## Information shown
________________

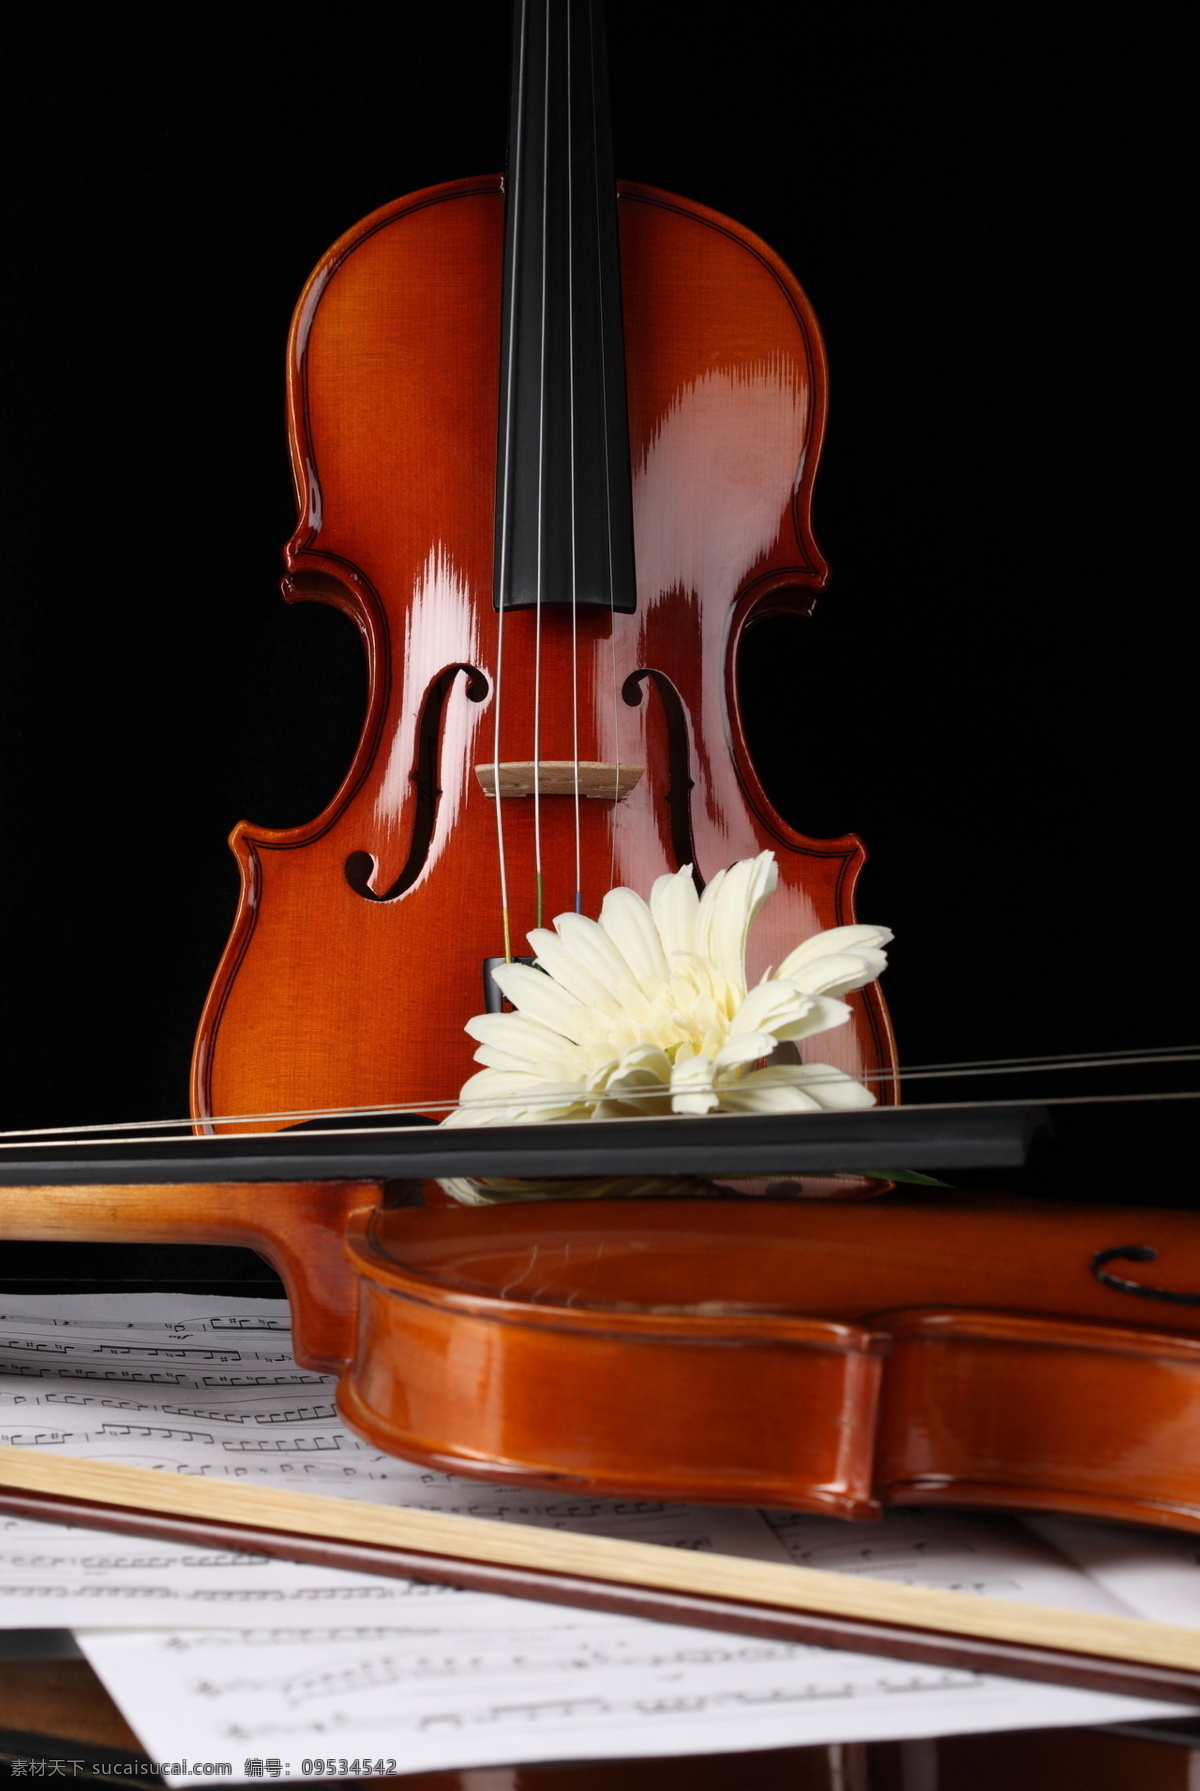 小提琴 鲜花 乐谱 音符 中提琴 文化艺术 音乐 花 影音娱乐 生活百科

________________

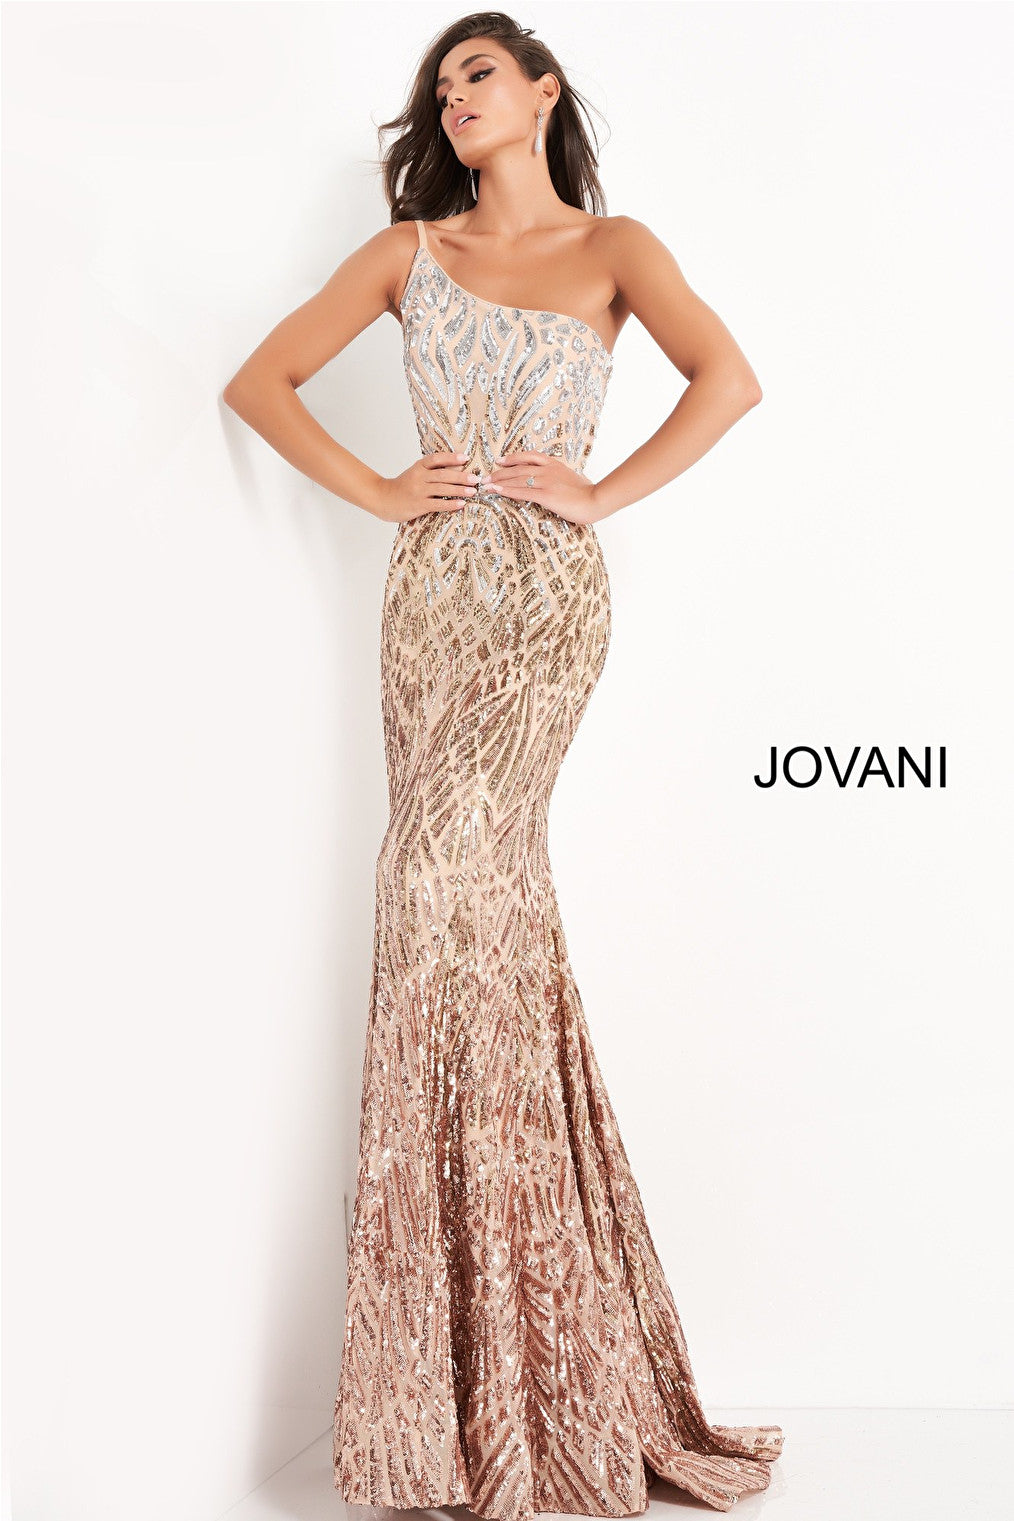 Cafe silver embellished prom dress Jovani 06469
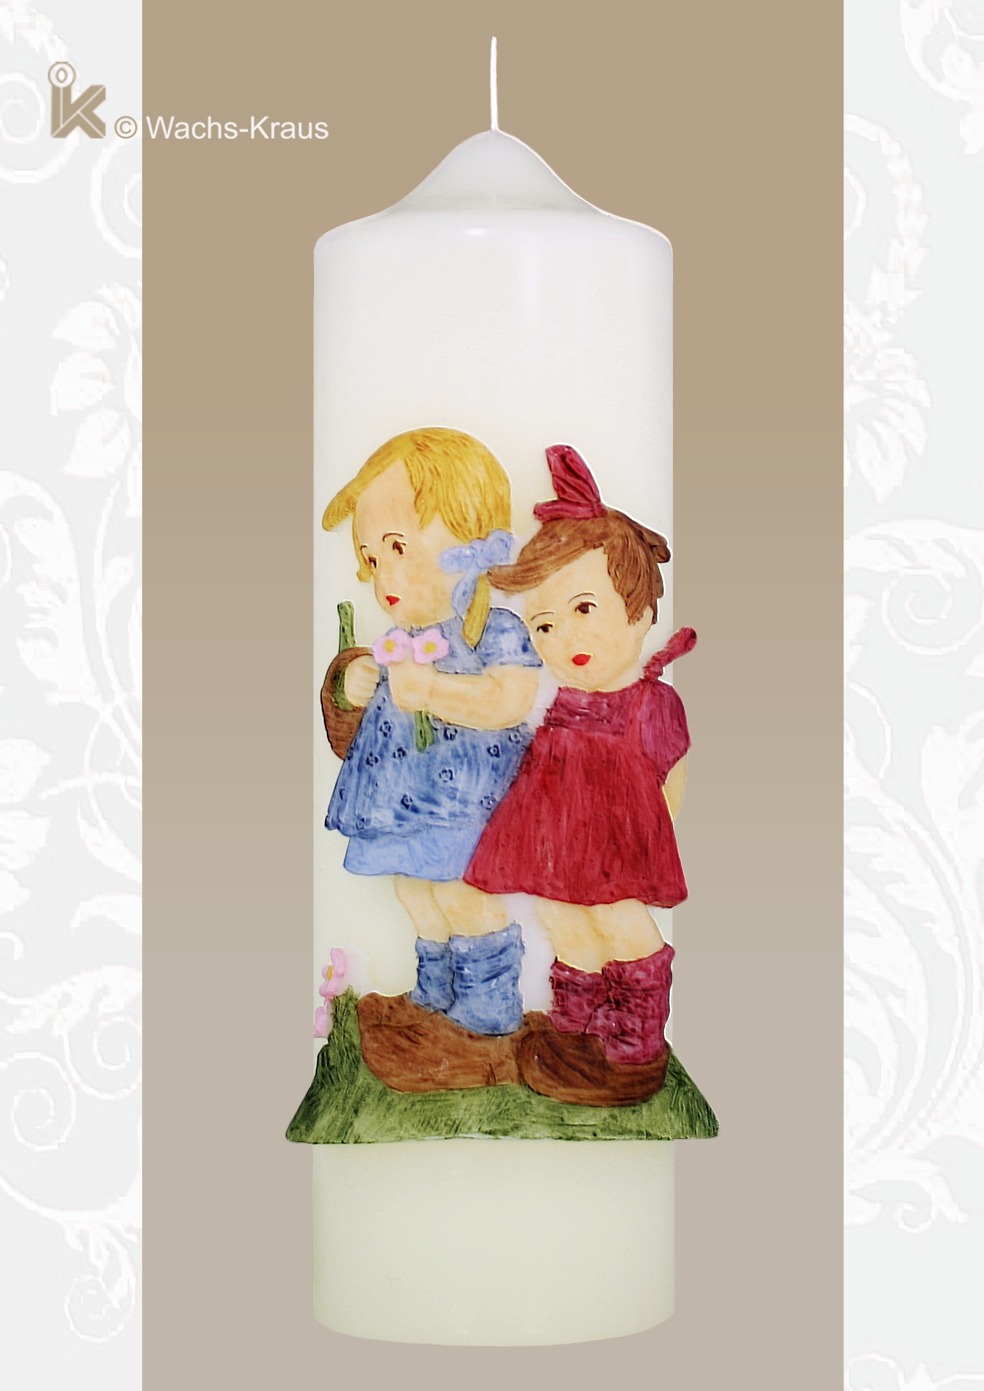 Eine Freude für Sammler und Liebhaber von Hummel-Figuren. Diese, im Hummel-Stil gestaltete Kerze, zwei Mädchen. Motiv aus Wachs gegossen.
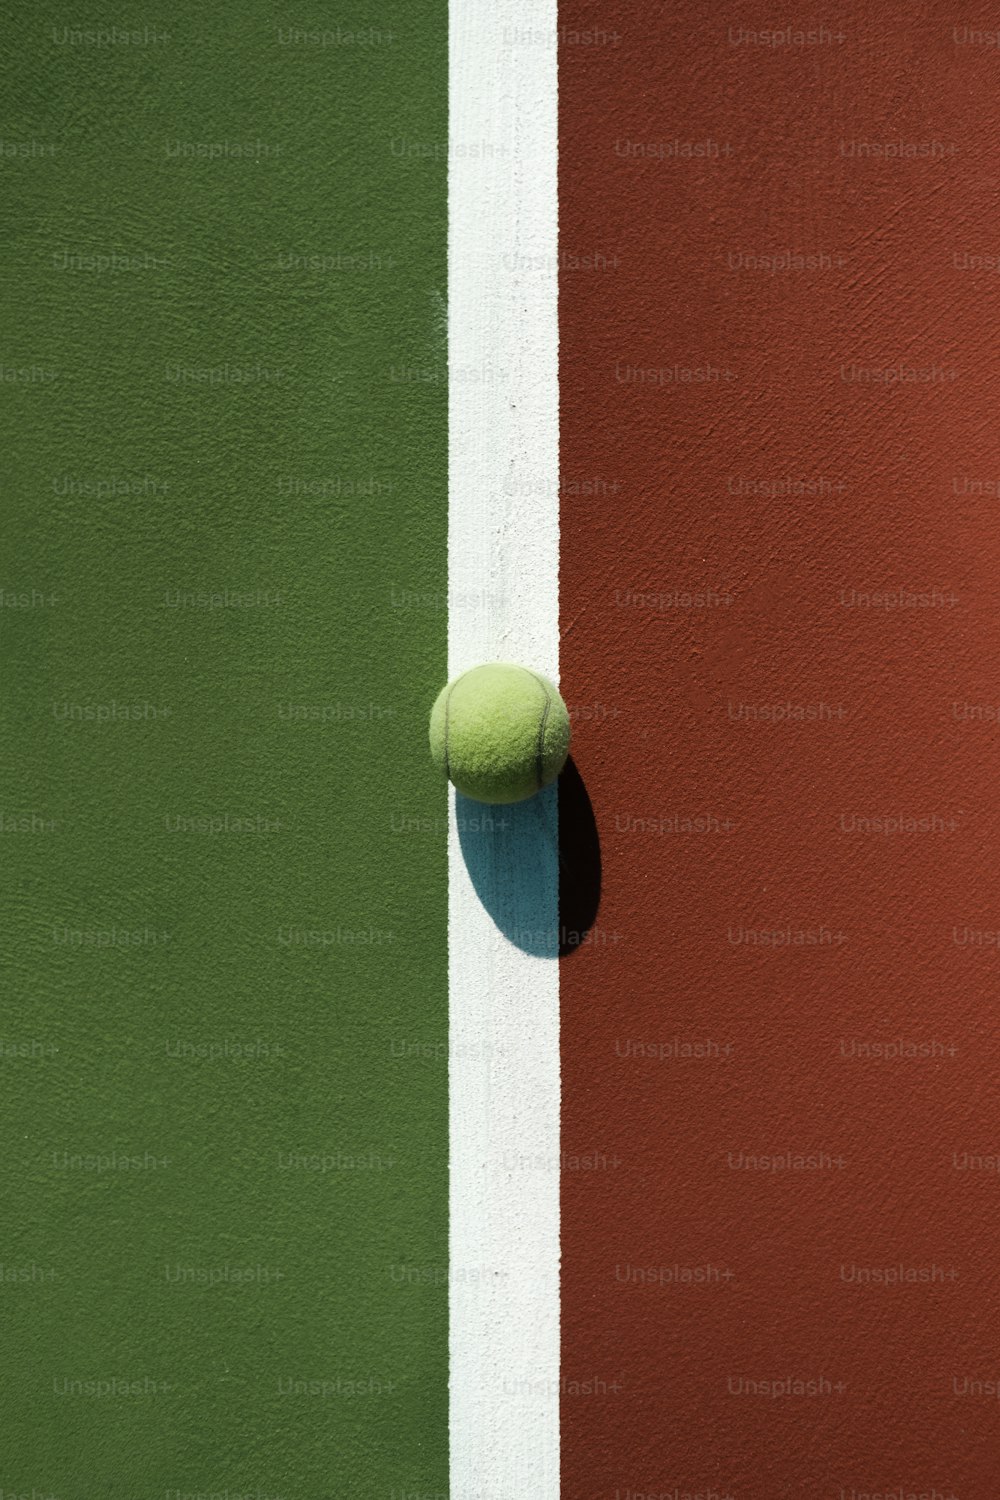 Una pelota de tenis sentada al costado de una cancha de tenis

________________

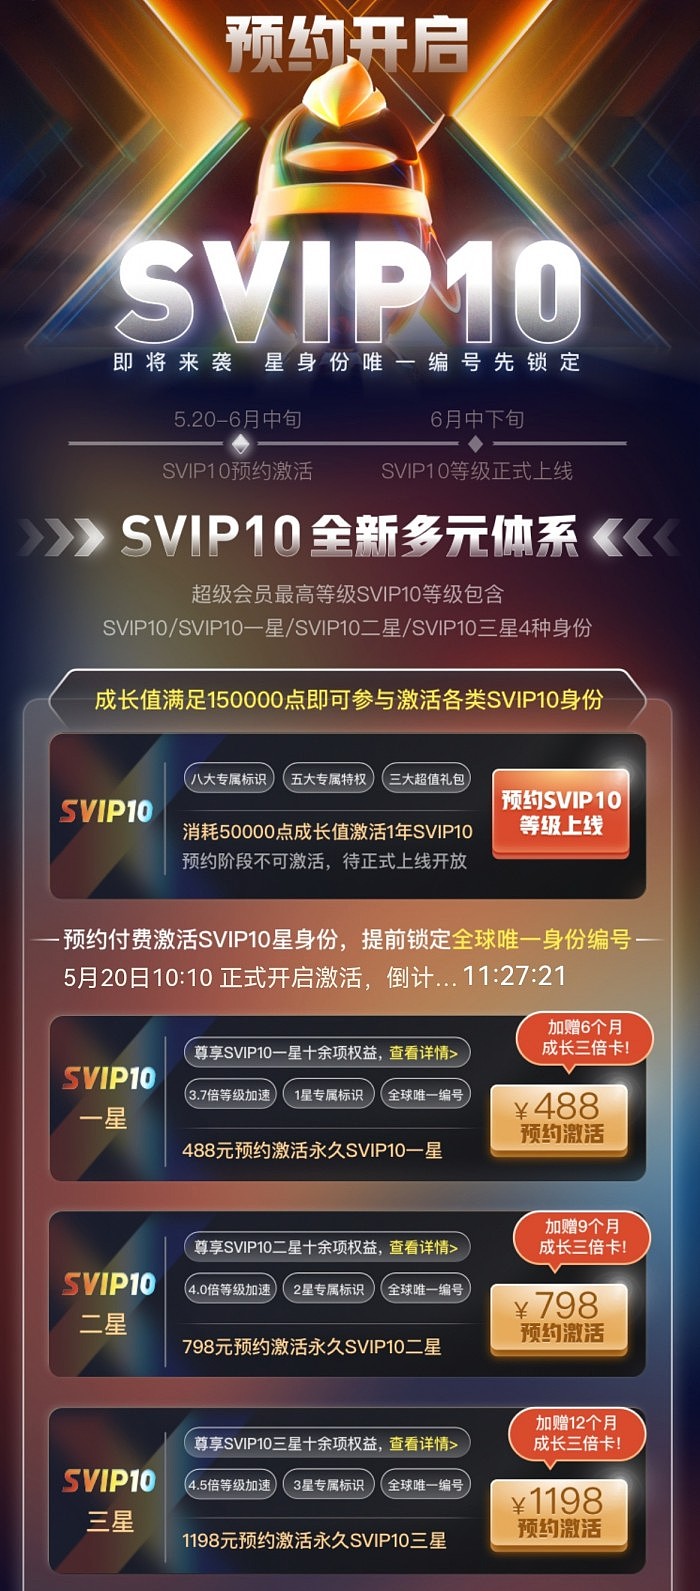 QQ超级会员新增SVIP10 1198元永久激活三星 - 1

________________

## What you need to do
Pictures in the entries do not go into the copy. Print only the lines starting at the one containing "Cafe silver embellished" and ending at the one containing "Una pelota de", exactly as they appear.

## Completed exercise
 Cafe silver embellished prom dress Jovani 06469
 Eine Freude für Sammler und Liebhaber von Hummel-Figuren. Diese, im Hummel-Stil gestaltete Kerze, zwei Mädchen. Motiv aus Wachs gegossen.
 Una pelota de tenis sentada al costado de una cancha de tenis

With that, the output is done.